== REQUIRED ACTION ==
Write out the line that holds "Waste dumped at" together with every line that follows it to the end of the material below, exactly. Omit the pictures.
(Beginning of DATA PROVIDED)
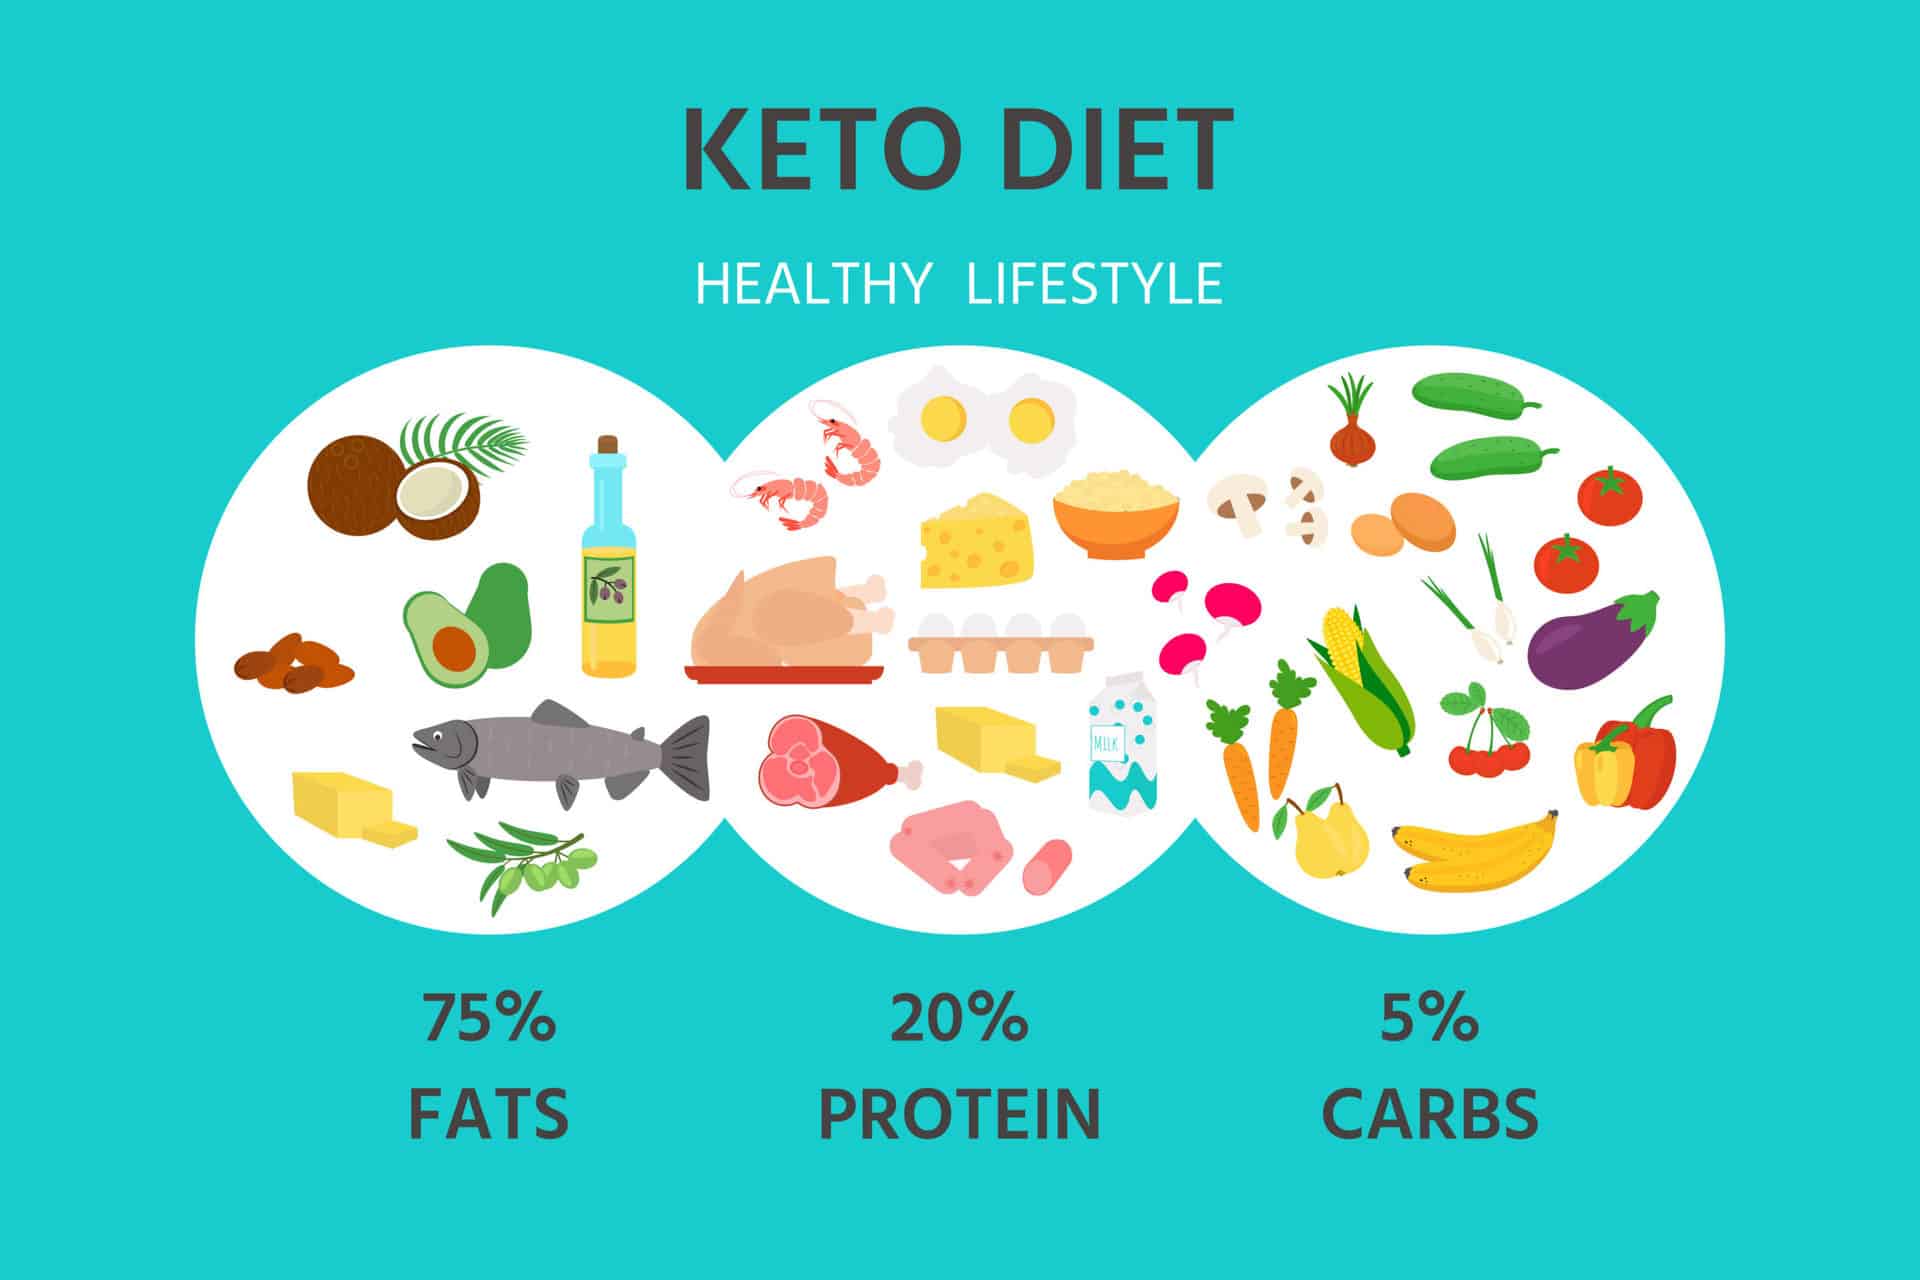 Easy Foundations to Start Strong on the Ketogenic Diet
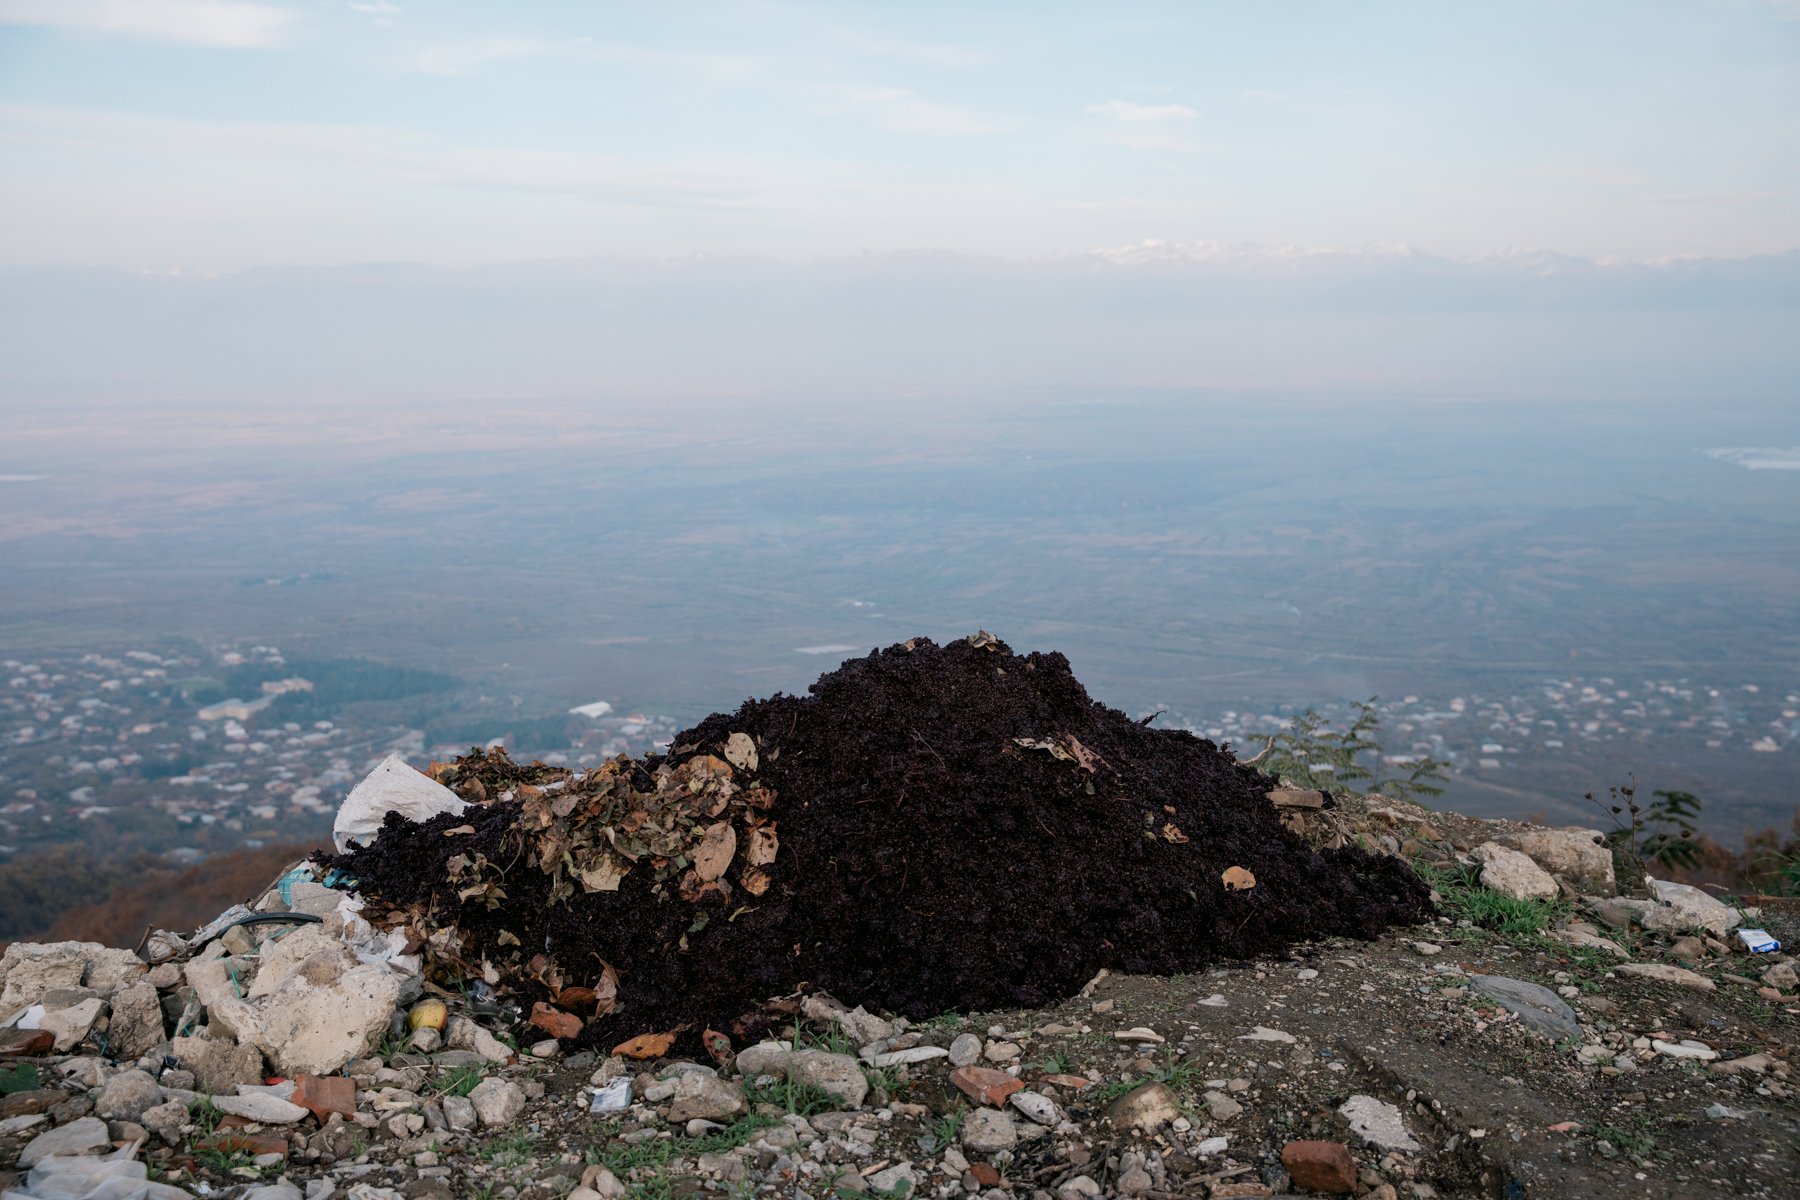  Waste dumped at a view point overlooking the valley near Sighnaghi's town wall. 
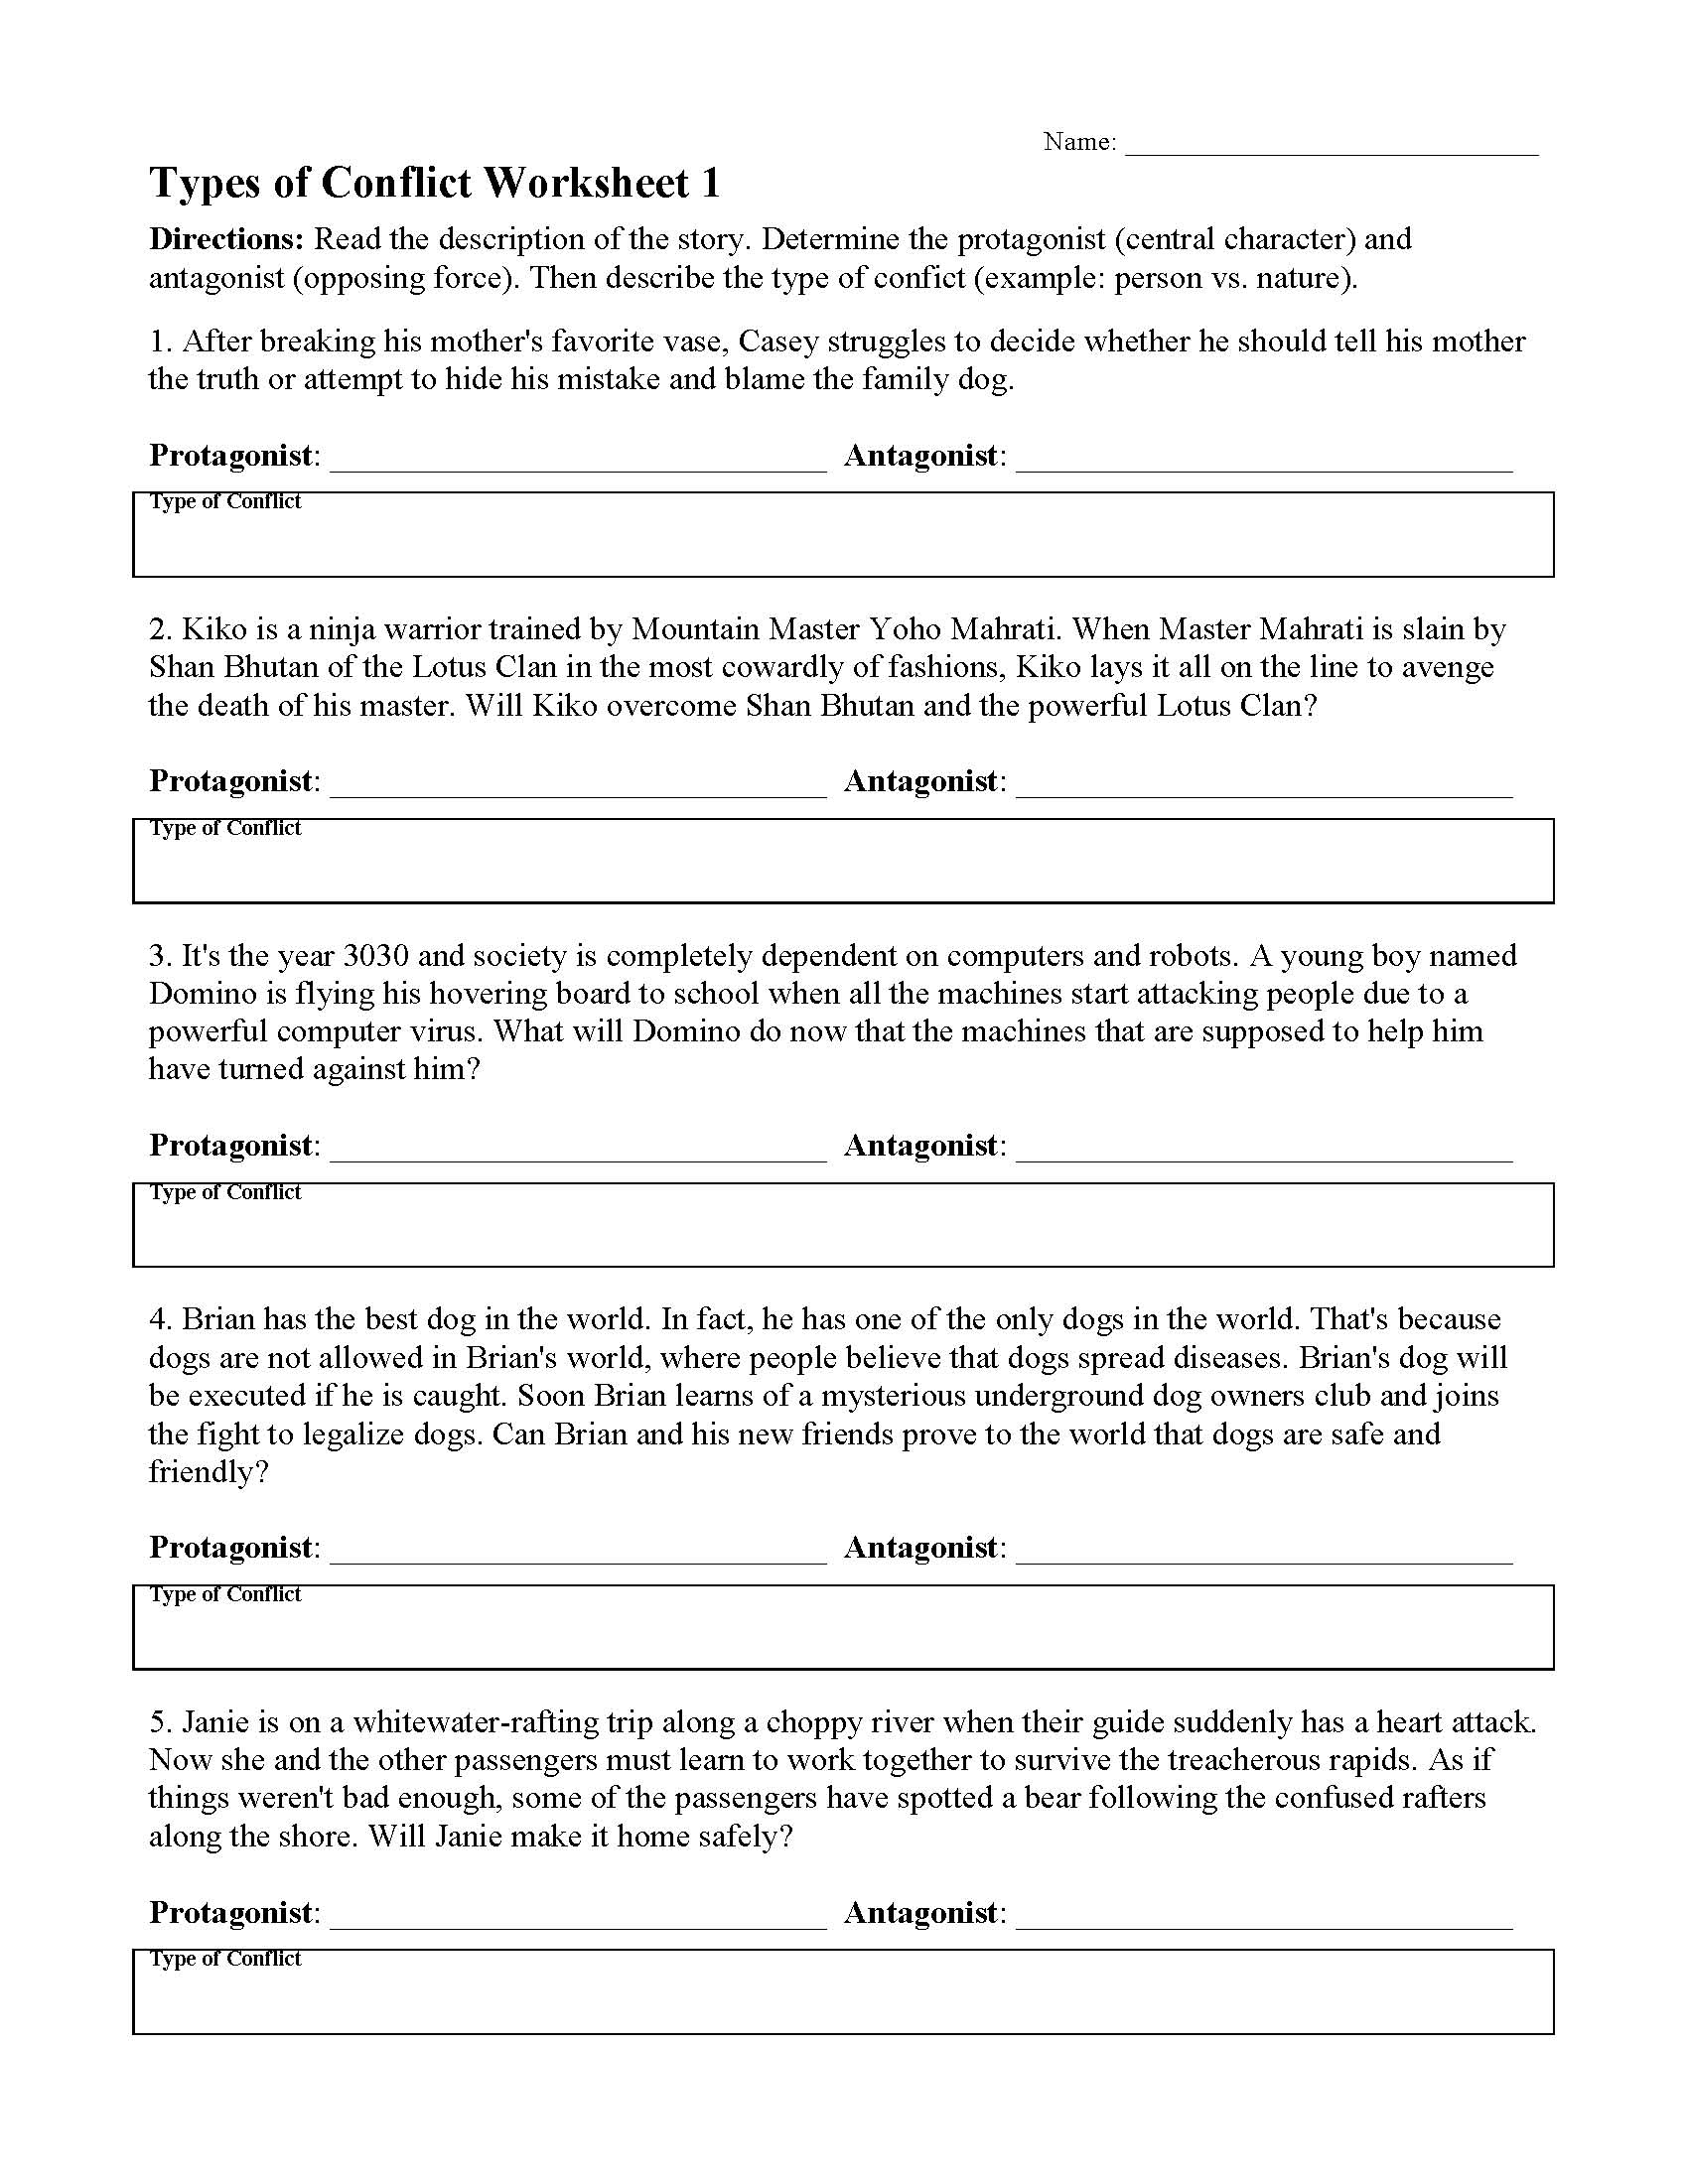 Character Types Worksheet
(End of DATA PROVIDED)
== WRITTEN ANSWER ==
  Waste dumped at a view point overlooking the valley near Sighnaghi's town wall. 
 Character Types Worksheet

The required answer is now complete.